Copy the data exactly as it appears, and do not include any pictures.

→ **Given material**

========================================

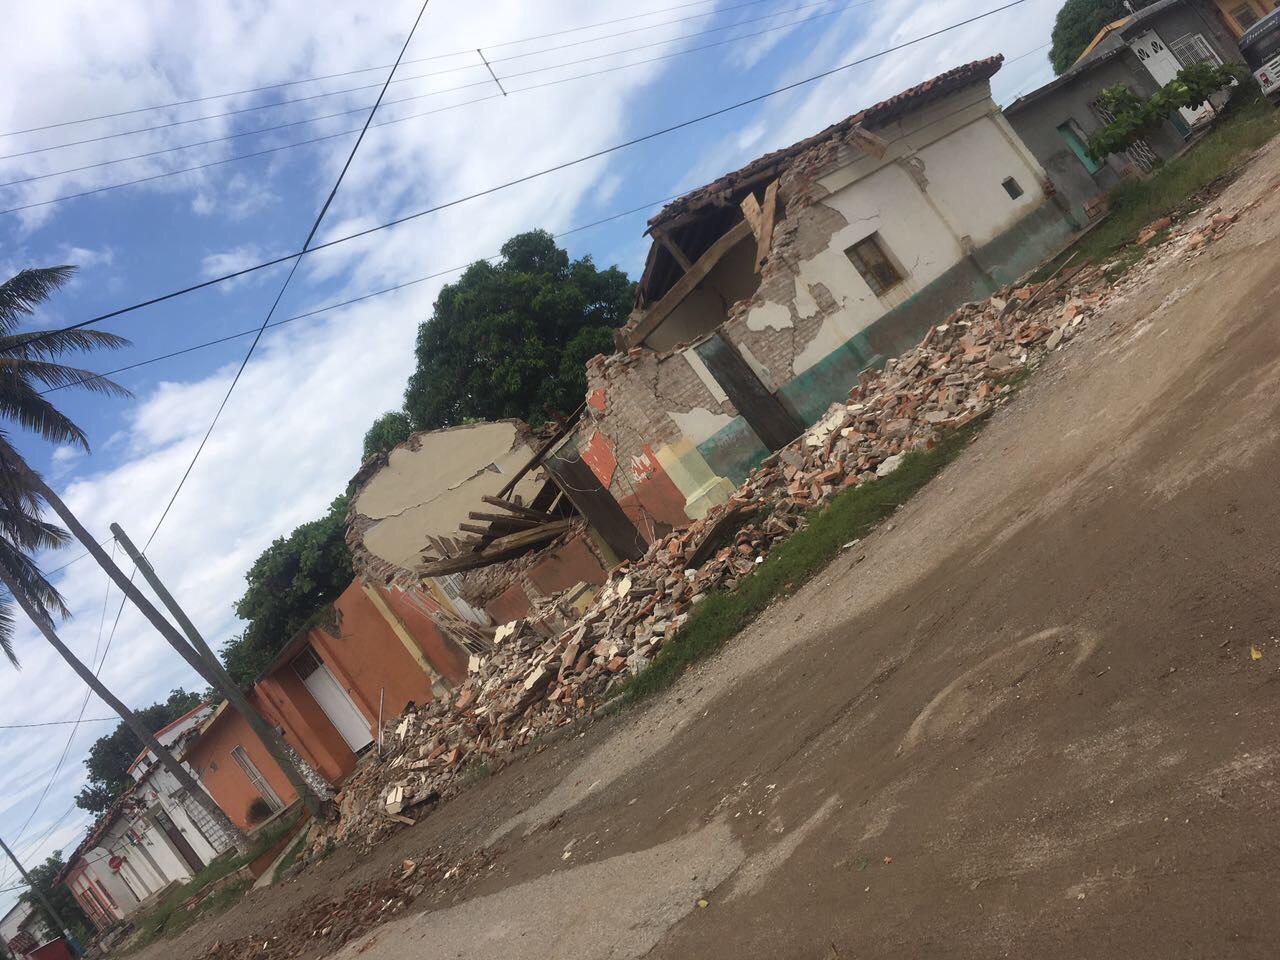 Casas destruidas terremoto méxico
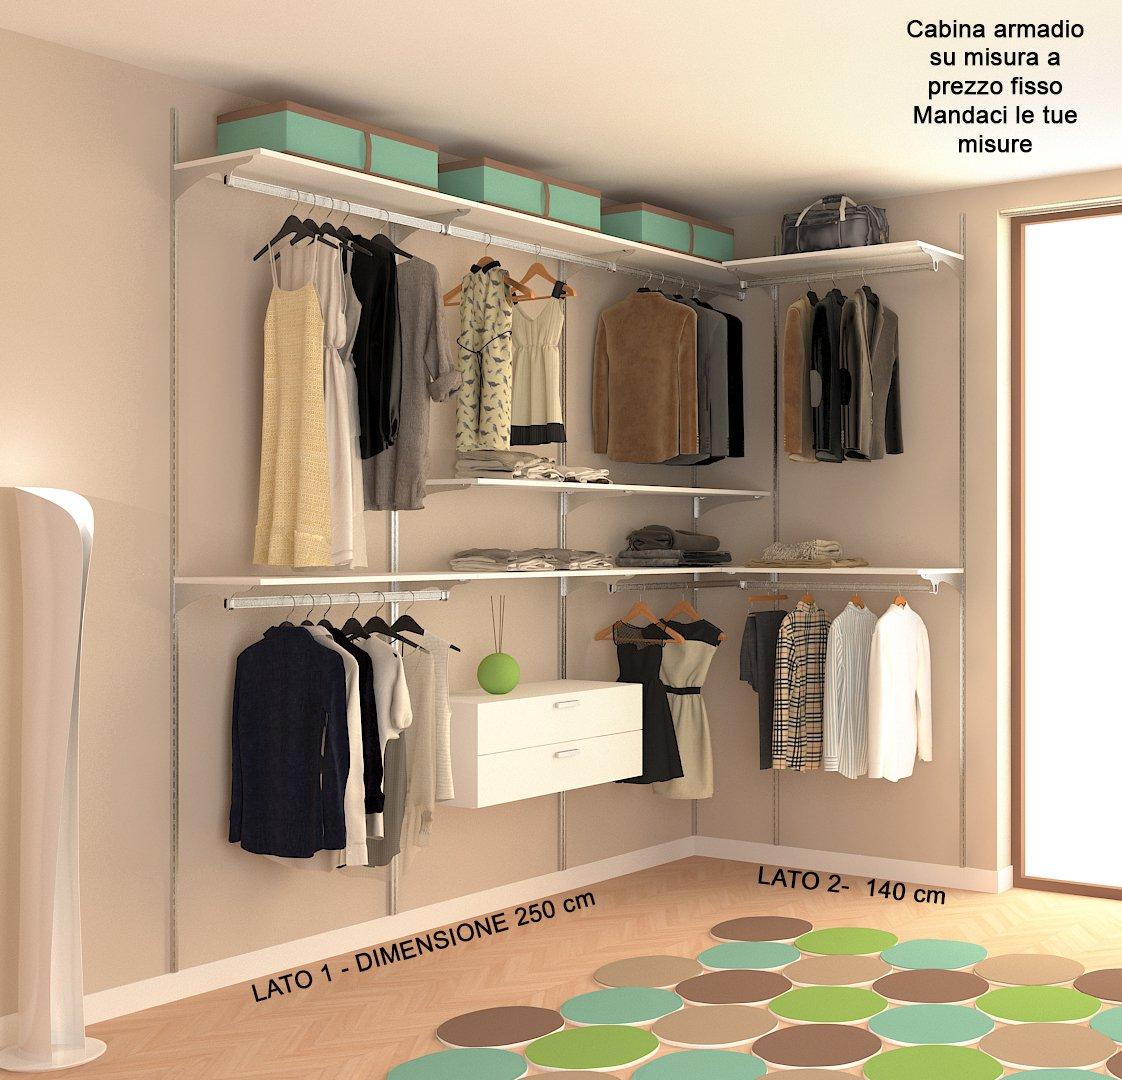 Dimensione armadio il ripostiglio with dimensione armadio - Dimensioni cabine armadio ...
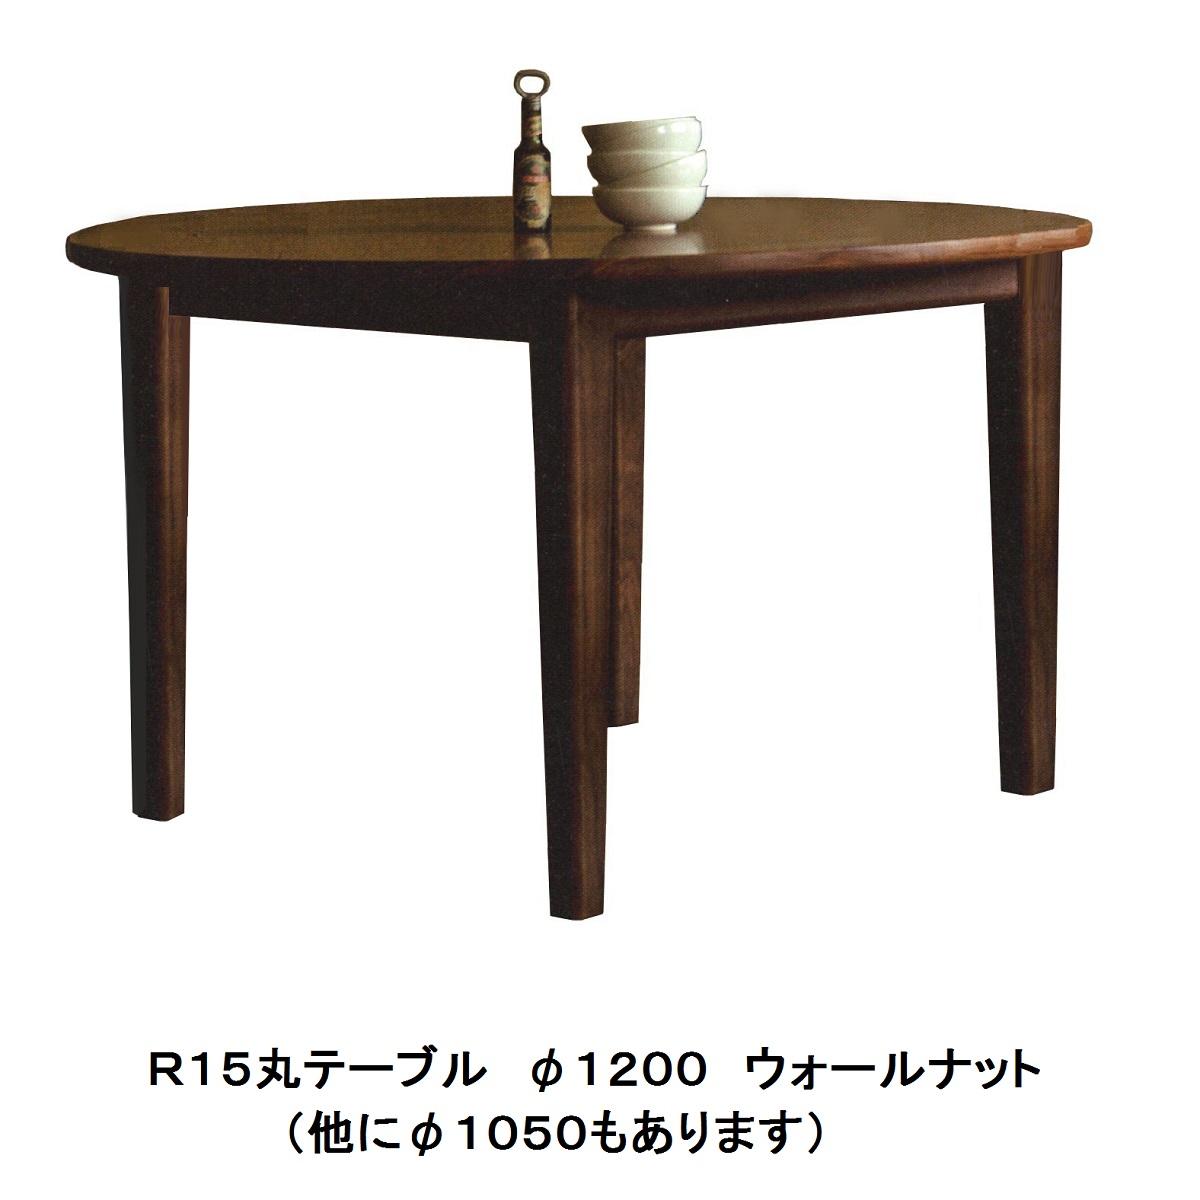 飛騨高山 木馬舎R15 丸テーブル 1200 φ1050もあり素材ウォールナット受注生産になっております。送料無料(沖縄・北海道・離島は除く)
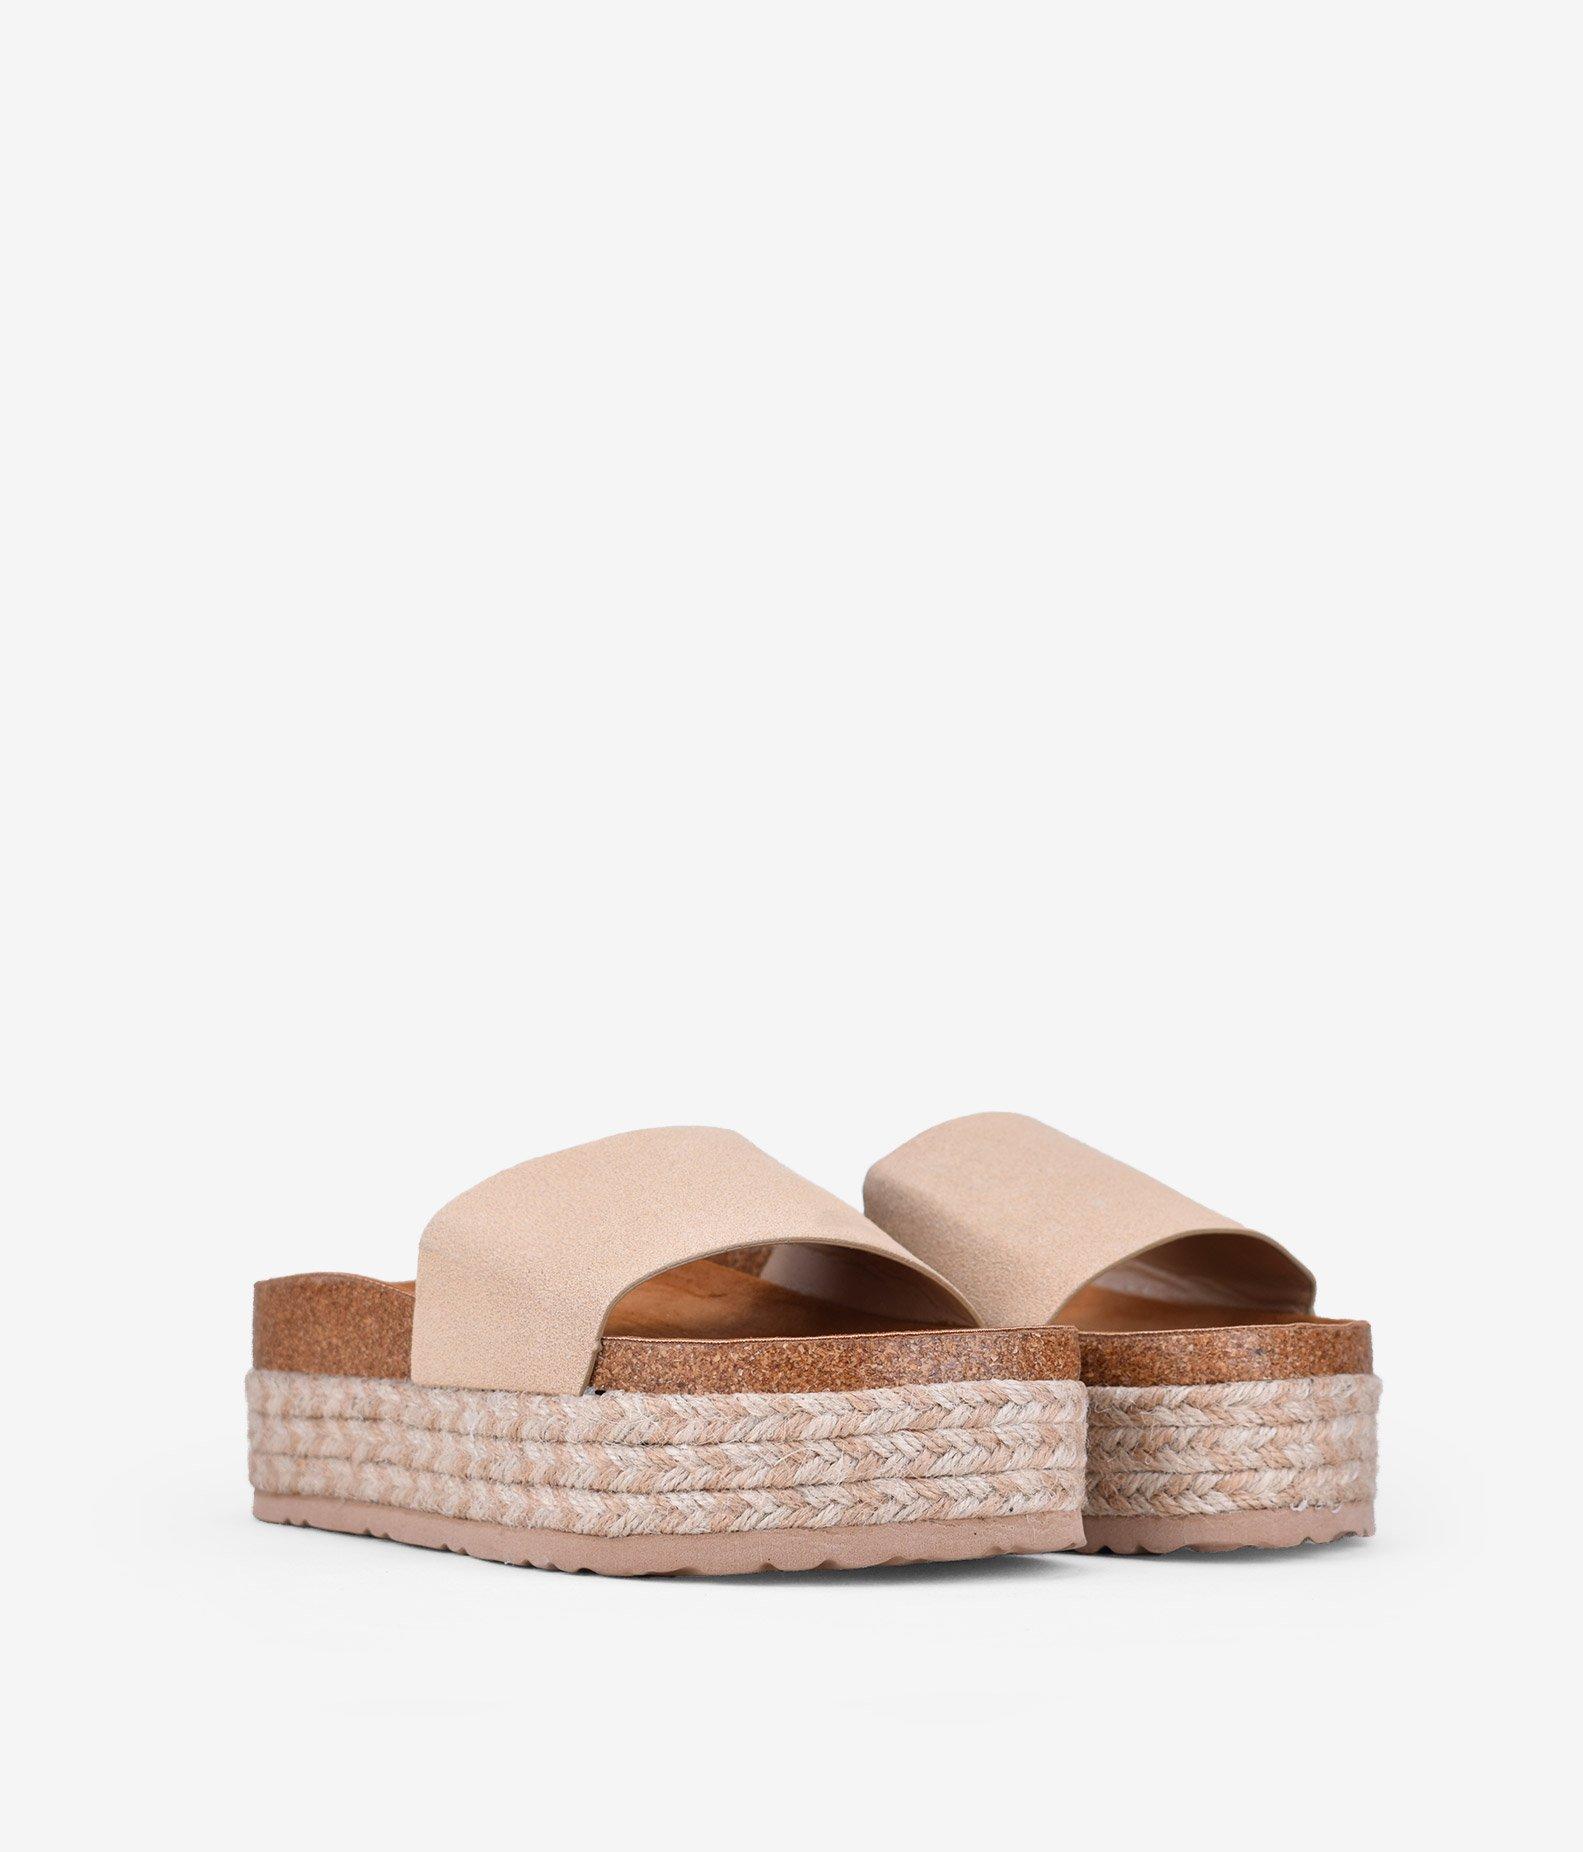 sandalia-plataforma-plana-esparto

========================================

→ **Solution for this task**
 Casas destruidas terremoto méxico
 Dimensione armadio il ripostiglio with dimensione armadio - Dimensioni cabine armadio ...
 飛騨高山 木馬舎R15 丸テーブル 1200 φ1050もあり素材ウォールナット受注生産になっております。送料無料(沖縄・北海道・離島は除く)
 sandalia-plataforma-plana-esparto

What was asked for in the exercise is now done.